Data section |
################

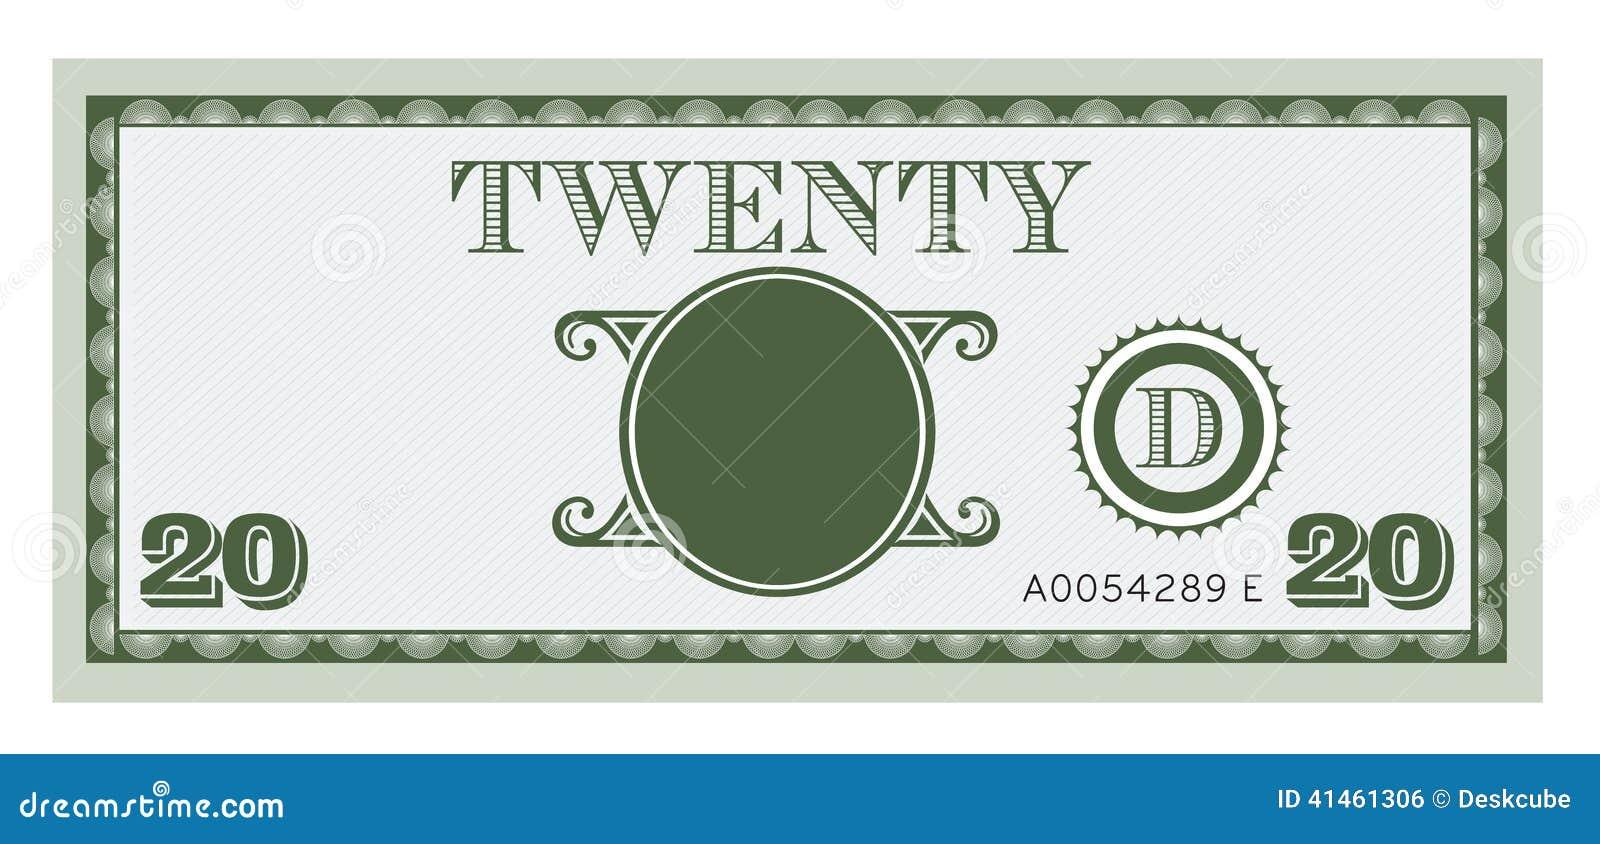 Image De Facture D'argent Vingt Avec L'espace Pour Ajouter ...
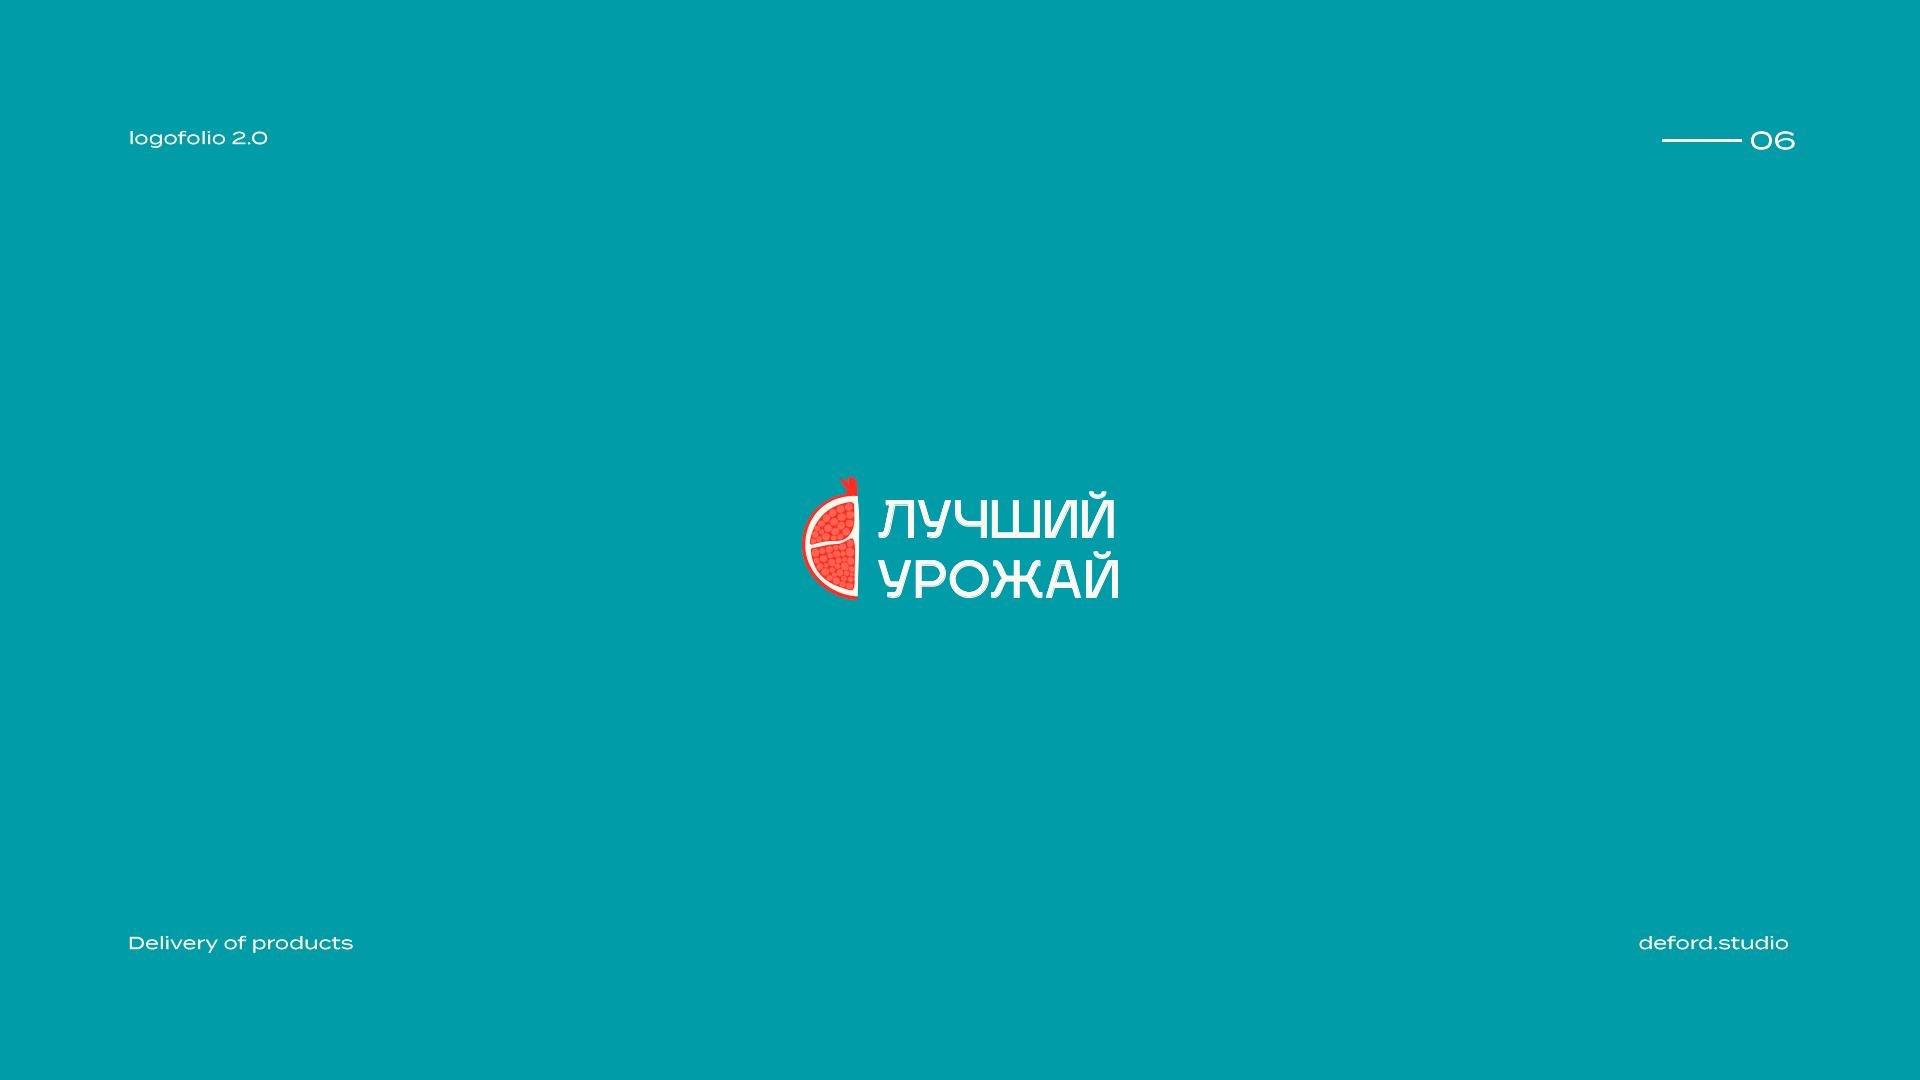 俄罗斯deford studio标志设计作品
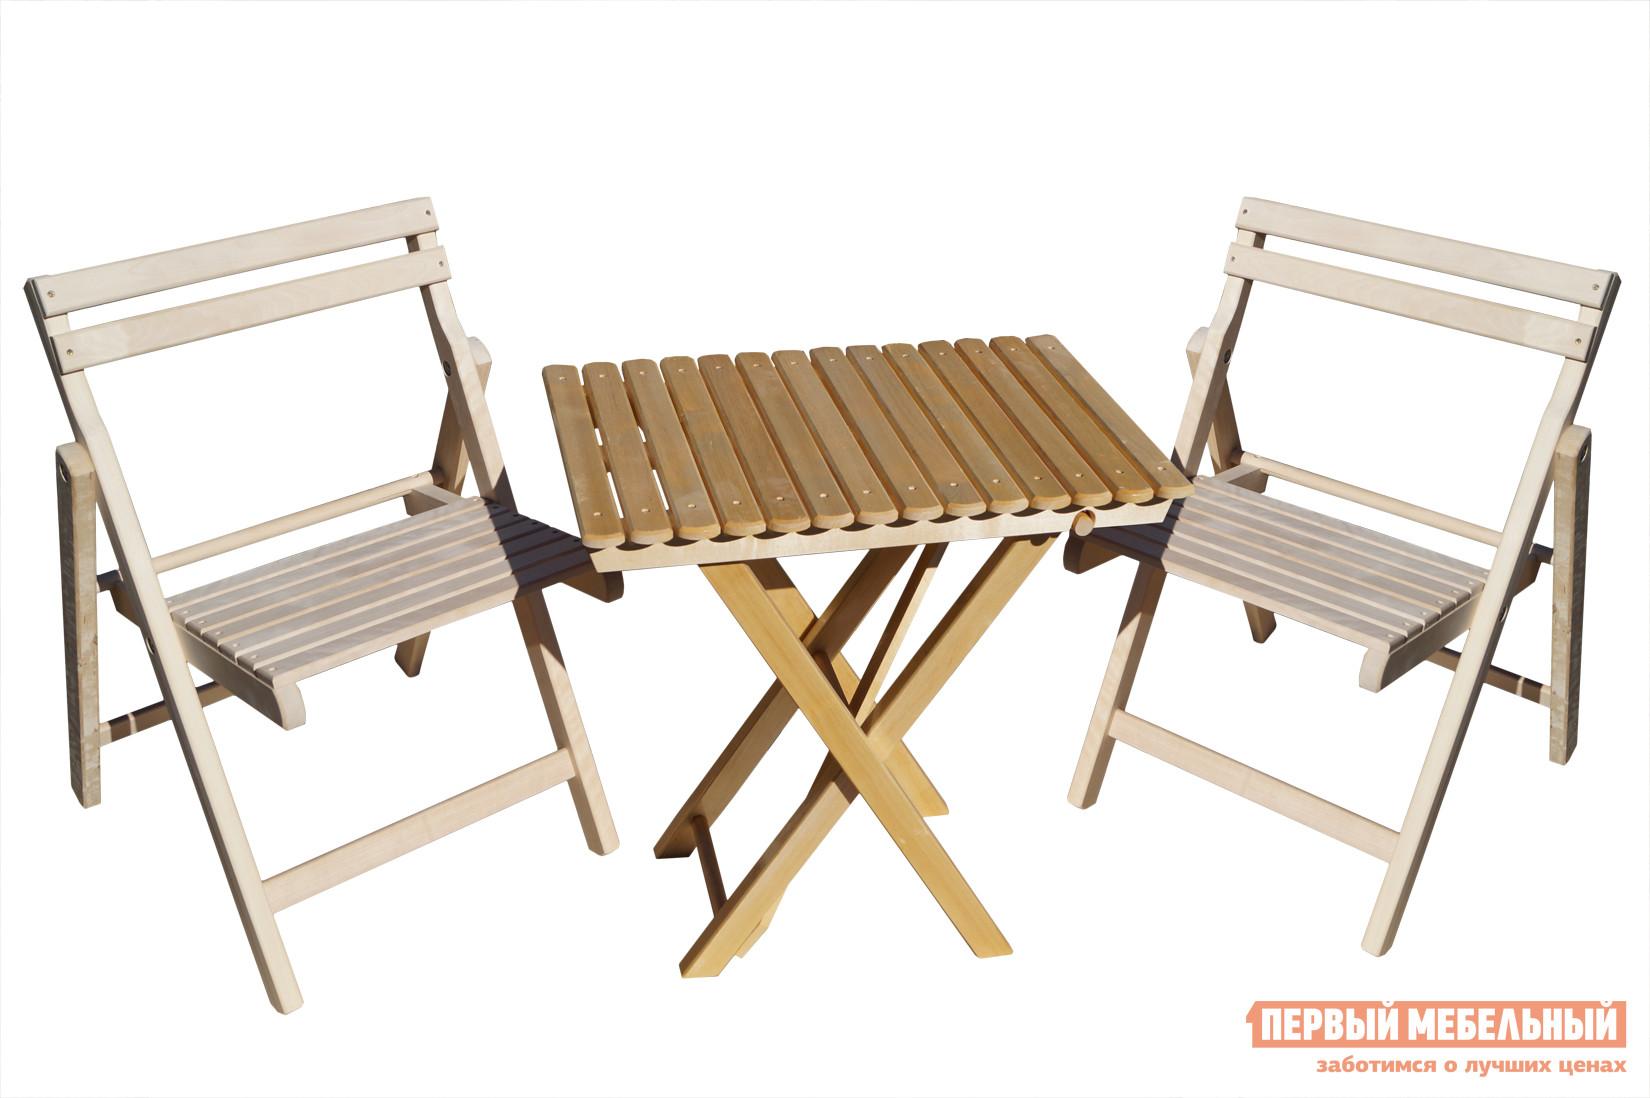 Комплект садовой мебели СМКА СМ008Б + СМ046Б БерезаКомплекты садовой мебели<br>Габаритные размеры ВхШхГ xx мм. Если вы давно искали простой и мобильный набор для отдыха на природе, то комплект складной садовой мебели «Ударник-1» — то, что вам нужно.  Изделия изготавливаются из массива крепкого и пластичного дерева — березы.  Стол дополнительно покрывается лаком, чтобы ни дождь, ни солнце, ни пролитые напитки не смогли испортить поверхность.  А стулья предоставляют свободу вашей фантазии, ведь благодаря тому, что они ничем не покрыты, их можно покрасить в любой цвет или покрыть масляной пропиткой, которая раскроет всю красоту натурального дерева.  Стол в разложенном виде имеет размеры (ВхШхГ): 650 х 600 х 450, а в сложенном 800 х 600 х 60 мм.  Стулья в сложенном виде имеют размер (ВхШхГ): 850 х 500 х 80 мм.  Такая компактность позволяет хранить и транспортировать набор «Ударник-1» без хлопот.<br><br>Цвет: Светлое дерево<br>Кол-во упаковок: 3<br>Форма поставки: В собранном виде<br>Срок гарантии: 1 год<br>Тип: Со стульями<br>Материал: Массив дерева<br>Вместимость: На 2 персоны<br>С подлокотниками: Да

################

Directions | Nothing but the pictures is to be left out; repeat the data exactly.

Response to this exercise |
 Image De Facture D'argent Vingt Avec L'espace Pour Ajouter ...
 俄罗斯deford studio标志设计作品
 Комплект садовой мебели СМКА СМ008Б + СМ046Б БерезаКомплекты садовой мебели<br>Габаритные размеры ВхШхГ xx мм. Если вы давно искали простой и мобильный набор для отдыха на природе, то комплект складной садовой мебели «Ударник-1» — то, что вам нужно.  Изделия изготавливаются из массива крепкого и пластичного дерева — березы.  Стол дополнительно покрывается лаком, чтобы ни дождь, ни солнце, ни пролитые напитки не смогли испортить поверхность.  А стулья предоставляют свободу вашей фантазии, ведь благодаря тому, что они ничем не покрыты, их можно покрасить в любой цвет или покрыть масляной пропиткой, которая раскроет всю красоту натурального дерева.  Стол в разложенном виде имеет размеры (ВхШхГ): 650 х 600 х 450, а в сложенном 800 х 600 х 60 мм.  Стулья в сложенном виде имеют размер (ВхШхГ): 850 х 500 х 80 мм.  Такая компактность позволяет хранить и транспортировать набор «Ударник-1» без хлопот.<br><br>Цвет: Светлое дерево<br>Кол-во упаковок: 3<br>Форма поставки: В собранном виде<br>Срок гарантии: 1 год<br>Тип: Со стульями<br>Материал: Массив дерева<br>Вместимость: На 2 персоны<br>С подлокотниками: Да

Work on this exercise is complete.